The rate was therefore well above the legal recycling target of 63%, which has been in effect since 2022. Since the introduction of the Packaging Act in 2019, the recycling rate has increased by an impressive 25 percentage points, although it had stagnated at a modest level of around 42% until 2018. In 2022, the recycling of plastic packaging took place almost exclusively in Germany (84.4%) and the EU (15.5%). Only 0.1% was exported to non-EU countries, primarily to Turkey, Switzerland and Serbia.

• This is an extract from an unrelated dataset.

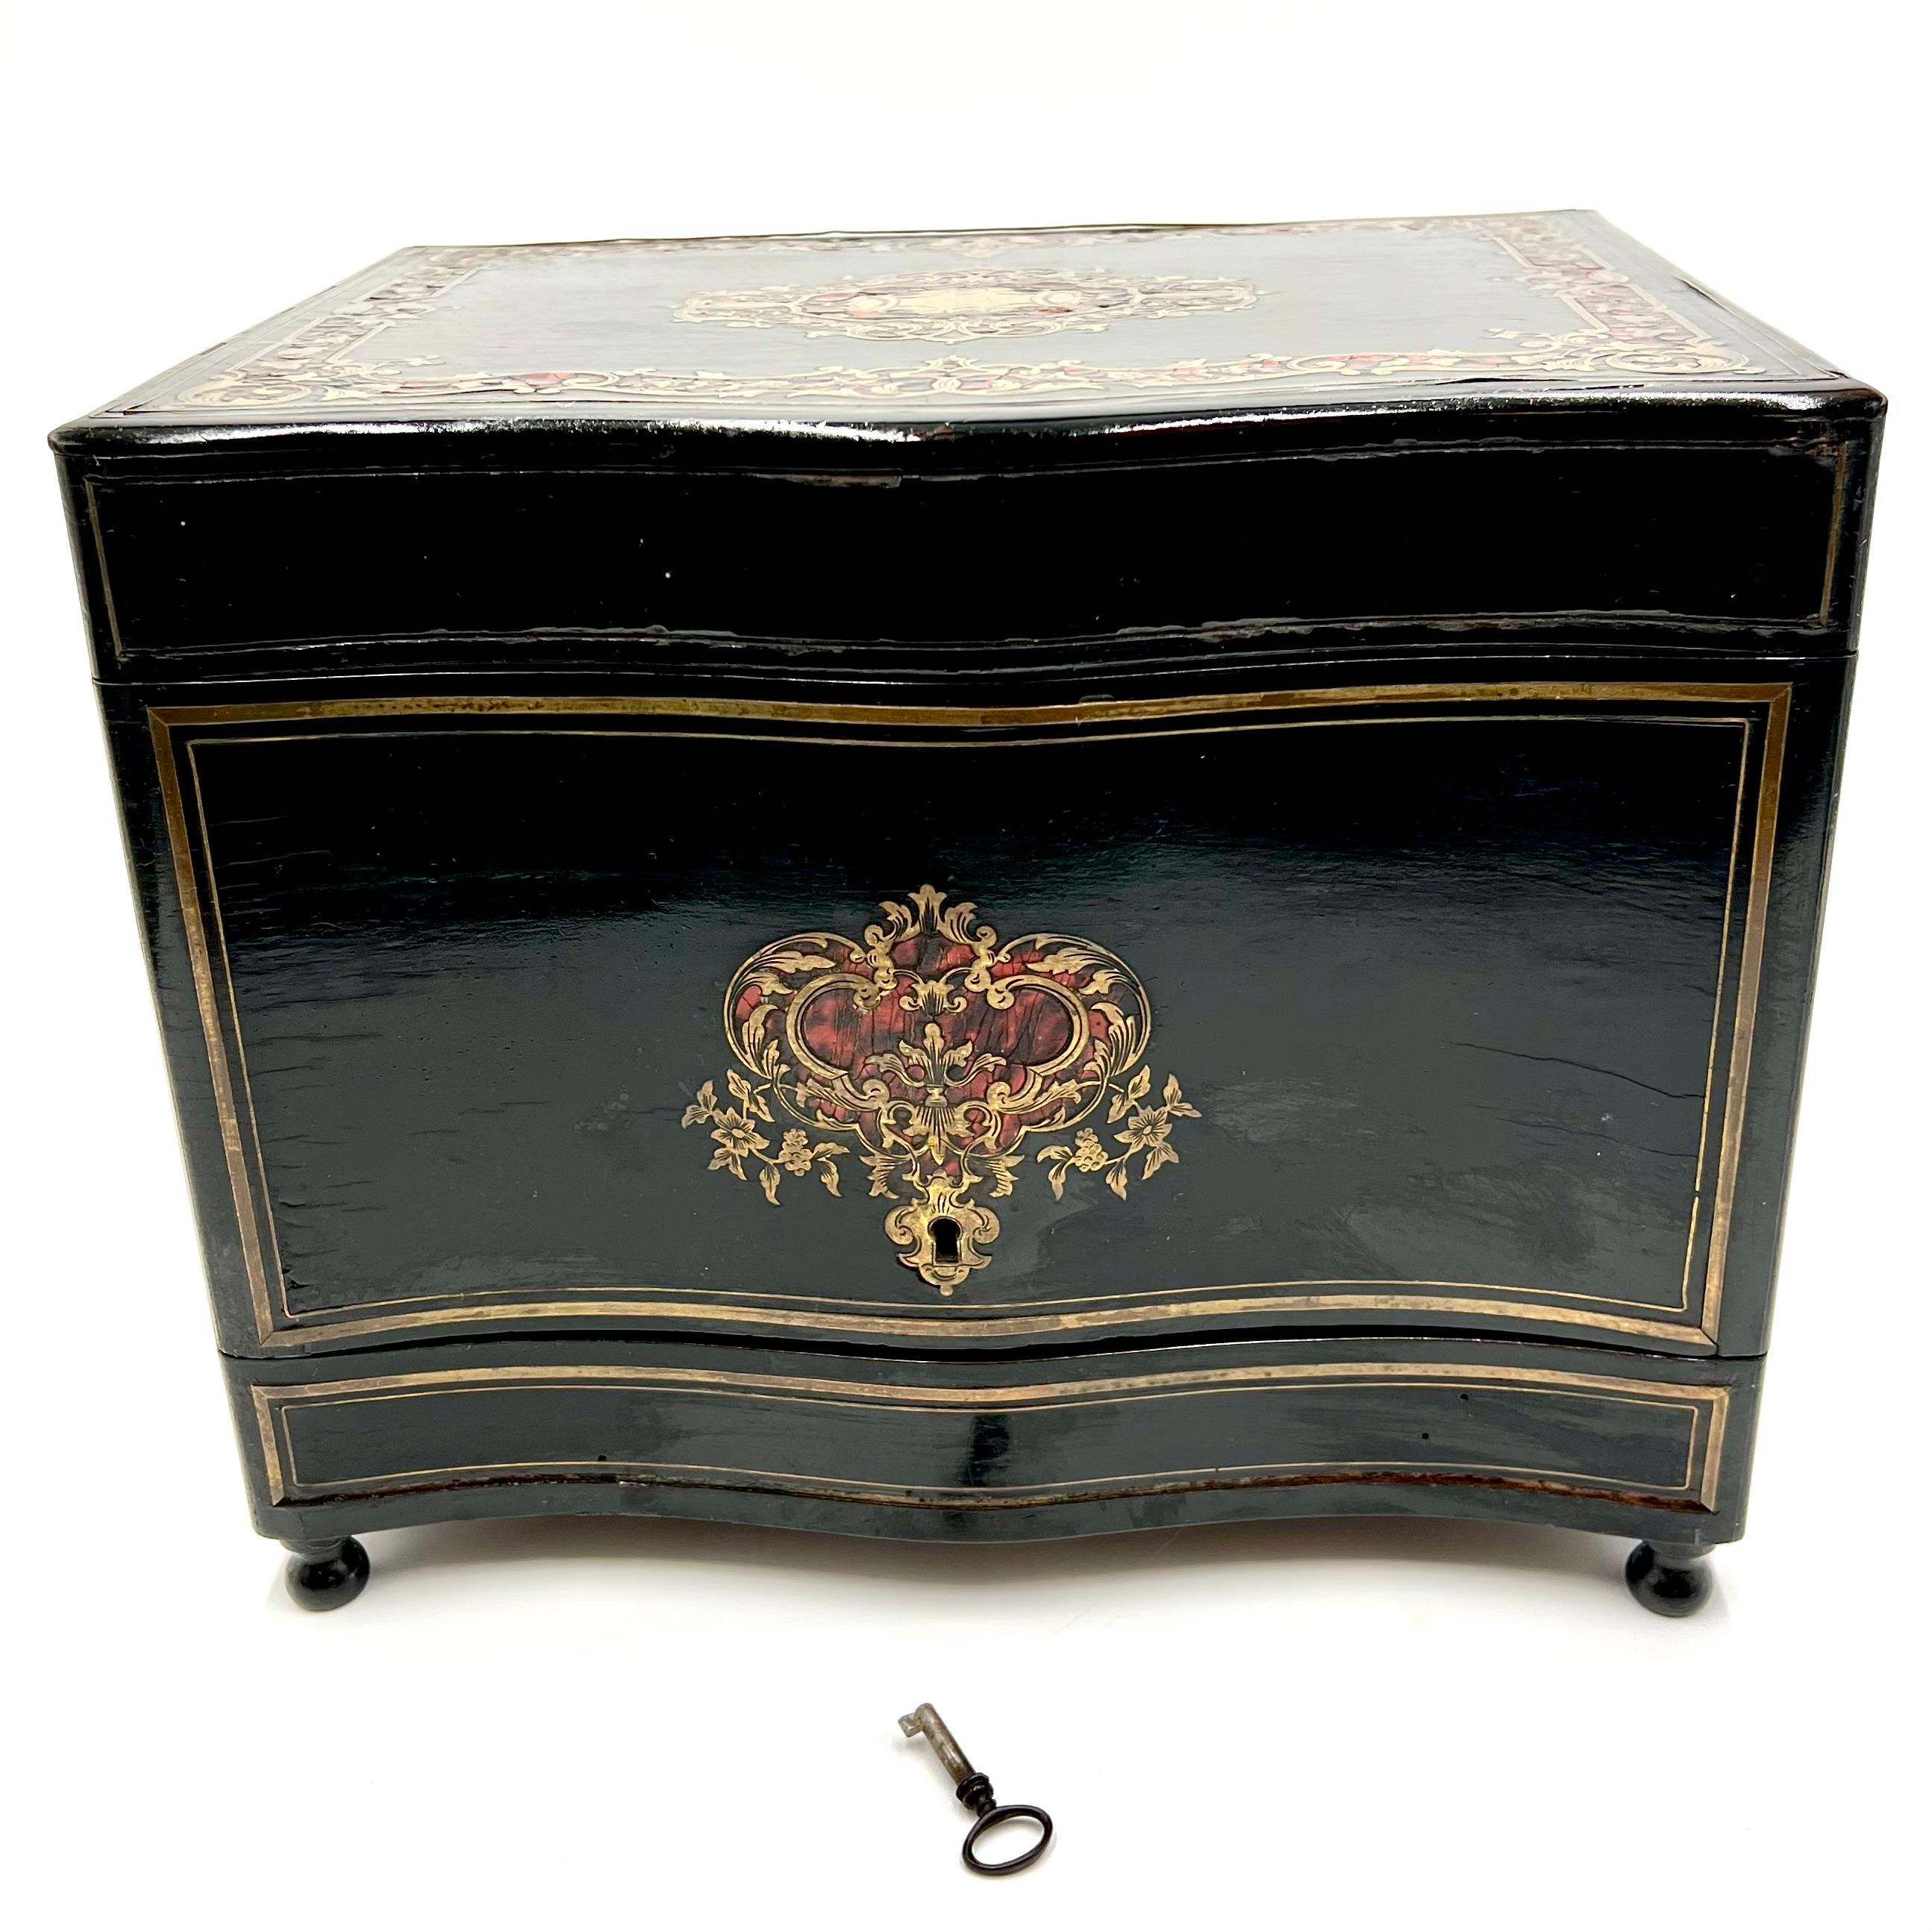 Wir präsentieren einen exquisiten antiken französischen Tantalus-Schrank, der Sie in die Eleganz der mittleren bis späten 1800er Jahre zurückversetzt. Dieses bemerkenswerte Stück wurde im raffinierten Stil von Napoleon III. gefertigt und zeichnet

The recycling-harmful trend towards less plastic and more paper-plastic composites continues
“The ever-increasing recycling of plastic packaging is a great success,” says IK managing director Dr. Isabell Schmidt. “It is now important to further strengthen this positive development and defend it against undesirable developments. Misunderstood plastic reduction in the direction of composites does not achieve the goal; Recyclability and material savings must definitely be a priority in packaging design. We cannot tolerate bogus arguments and greenwashing.”
Problem case with paper-plastic composites
The ZSVR and the UBA have repeatedly criticized the significant increase in paper-based composite packaging on the market. Composite packaging is often not easy to recycle, as a UBA study shows. Almost every second piece of packaging whose recyclability is below 90 percent is composite packaging. Nevertheless, composite packaging is increasingly replacing plastic packaging. Unilaterally discriminatory special targets for plastics, as recently required in the European Packaging Regulation, as well as exceptions to the recycled content quotas could further strengthen the unwanted market trend towards composite packaging.